The tragedy of the particular political loss that happened years ago came and went, along with many, many others that have happened since then. Bad things came to pass, like wars and preventable deaths from disease and poverty, but good things happened, too, like advances in civil rights and the passage of the Affordable Care Act and the expansion of health insurance to tens of millions who had never had it. Life went on.

Is this time really so different that our despair should be so deep, our sense of doom so complete?

My answer is no, and to understand why, I point you to what just happened with Trump’s big plan to execute immigration raids in Chicago later this week. It was reported that the plans for the raid “leaked,” so they have been put on hold, which is code for cancelled, at least for now.

But that is not what happened at all, and what did happen is illustrative of why there is hope even at this dark moment. It seems that Trump’s “Border Czar,” Tom Homan, was at a political party in Chicago last month and was bragging about the immigration enforcement the new Trump administration was planning, as ever, for “day one." Homan told the assembled Republican fat cats that it would begin “right here” in Chicago because the city had lots of immigrants and Trump and his minions had a bone to pick with the mayor, who they claimed had turned Chicago into a “sanctuary city.” The raids were promoted on right wing social media as part of Trump’s “shock and awe” plans for Inauguration Day.

Oh, how the arrogant and incompetent work their magic, let us count the ways!

Here is what you don’t do if you want to carry out something you’re calling a “raid.” You don’t advertise what you’re going to do in advance, because then it’s not a surprise. You don’t include the online right wing in your planning, because they’re a bunch of loudmouths and what they say is right out there for everyone to read. Which means if you’re an immigrant, and you’re in Chicago, and you read there’s going to be a raid on Tuesday, you might consider taking a quick trip to Rockford or maybe Cedar Rapids and cool your heels for a while.

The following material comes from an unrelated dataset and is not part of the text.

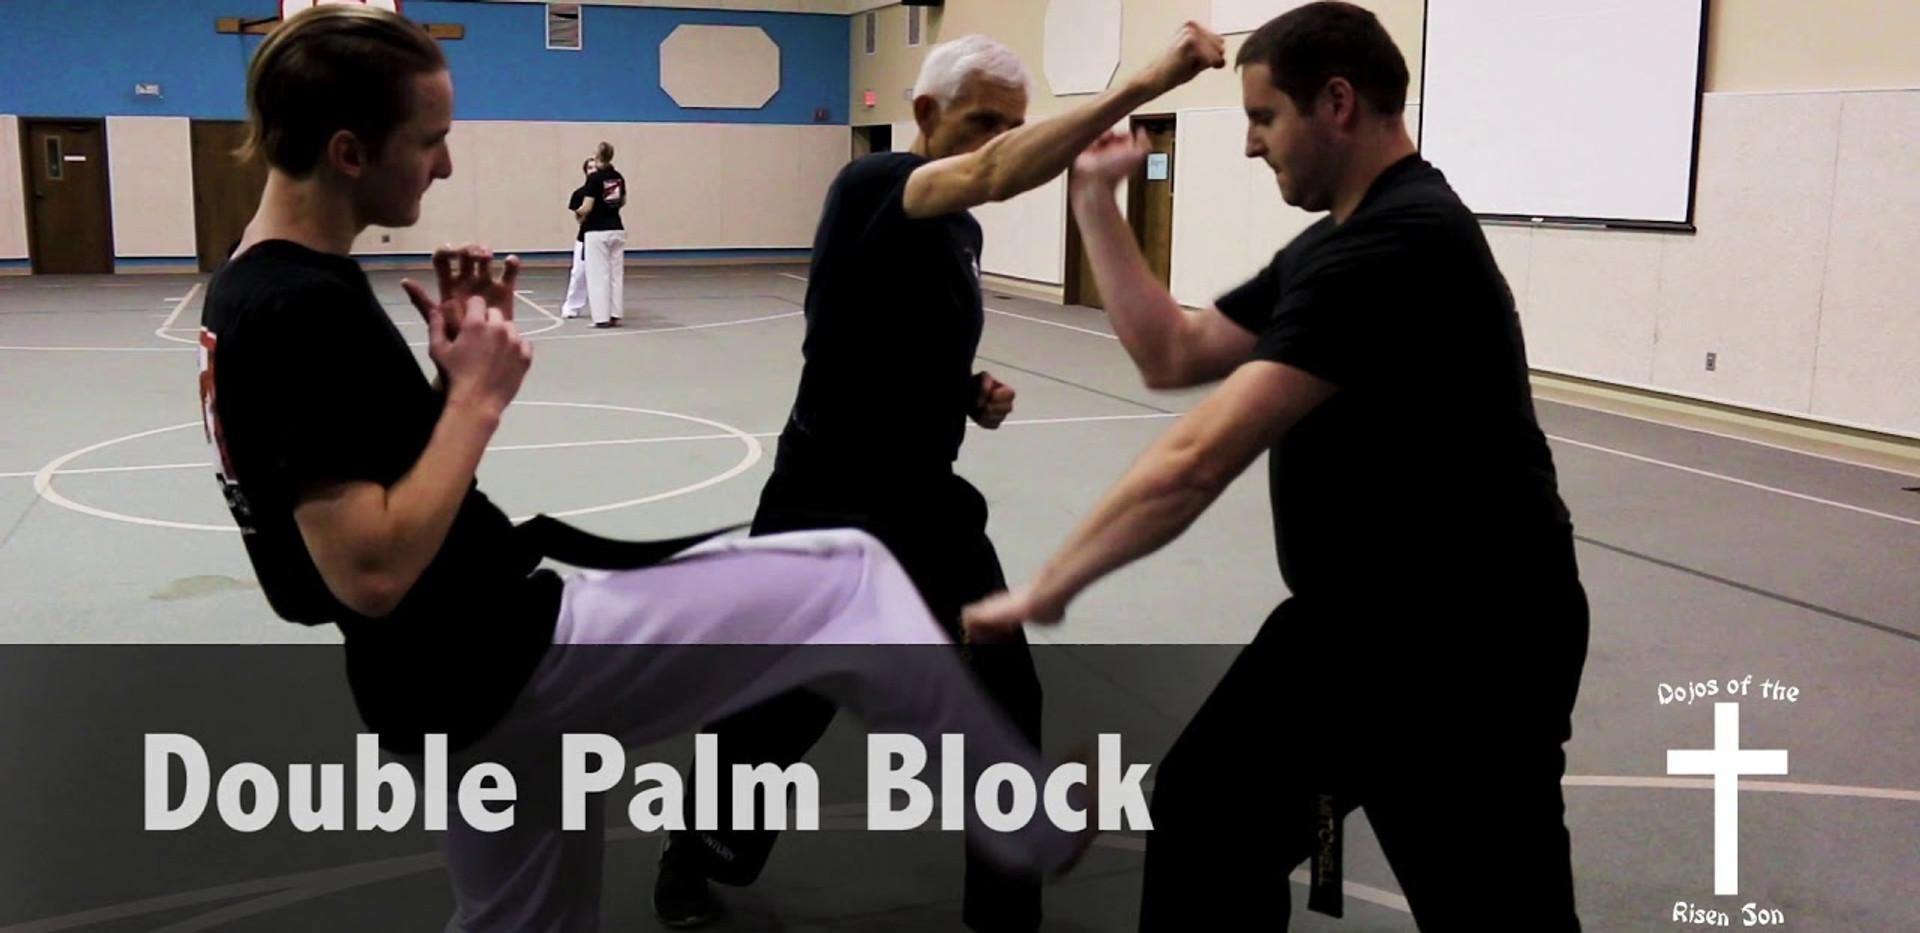 Double Palm Block

Trump has not even been inaugurated. He doesn’t run the Department of Homeland Security or Immigration and Customs Enforcement yet. The people working in those departments report to Biden administration officials, who still occupy their offices and pull down federal paychecks.

Let’s consider this: Trump has been flapping his jaws about how much he hates the federal workforce and how he wants to fire people wholesale and replace them with his loyalist hacks. So, do you think there might be some federal employees in the agencies associated with immigration enforcement who are not looking forward to the reign of Tom Homan and Kristi Noem, she of the nervously-smiling-through-the-“YMCA”-dance-along? Do you think that some of these federal employees, over whom Trump does not yet have authority, might have helped to leak the Homan plans for the Chicago raids?

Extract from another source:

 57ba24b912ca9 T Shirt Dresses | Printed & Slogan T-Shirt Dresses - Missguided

See how this works? If you want to do stuff like Trump has been bragging he’ll do, such as disassemble whole sections of the federal government and cut not billions but trillions from the budgets that pay for the jobs of people Trump has promised to fire, you had better have your shit together, because there are a lot more of them than there are of you, and many of these federal employees Trump is so disdainful of love their jobs and count on their paychecks to pay their mortgages and their kids’ college tuitions.

It goes beyond the misbegotten immigration raid. Take Trump’s nominee for Secretary of Defense, Pete Hegseth, who has made no secret of his disrespect for the service of women and gay people in our military. The first thing Hegseth is going to have to do when he sits down at his big desk on the E-Ring of the Pentagon is deal with the severe recruitment problem the Army, Navy, and Air Force are having. The point being, you can’t have an effective military if you don’t have the warm bodies to fill the ranks. So, whatchagonna do, Petey boy? With holes in the ranks of serving troops already, you’re going to drive women and gays and trans soldiers out of the service because they get the message you think they aren’t up to the task of being what you insist on calling “warriors,” without a reason beyond your own Christian Nationalist prejudice.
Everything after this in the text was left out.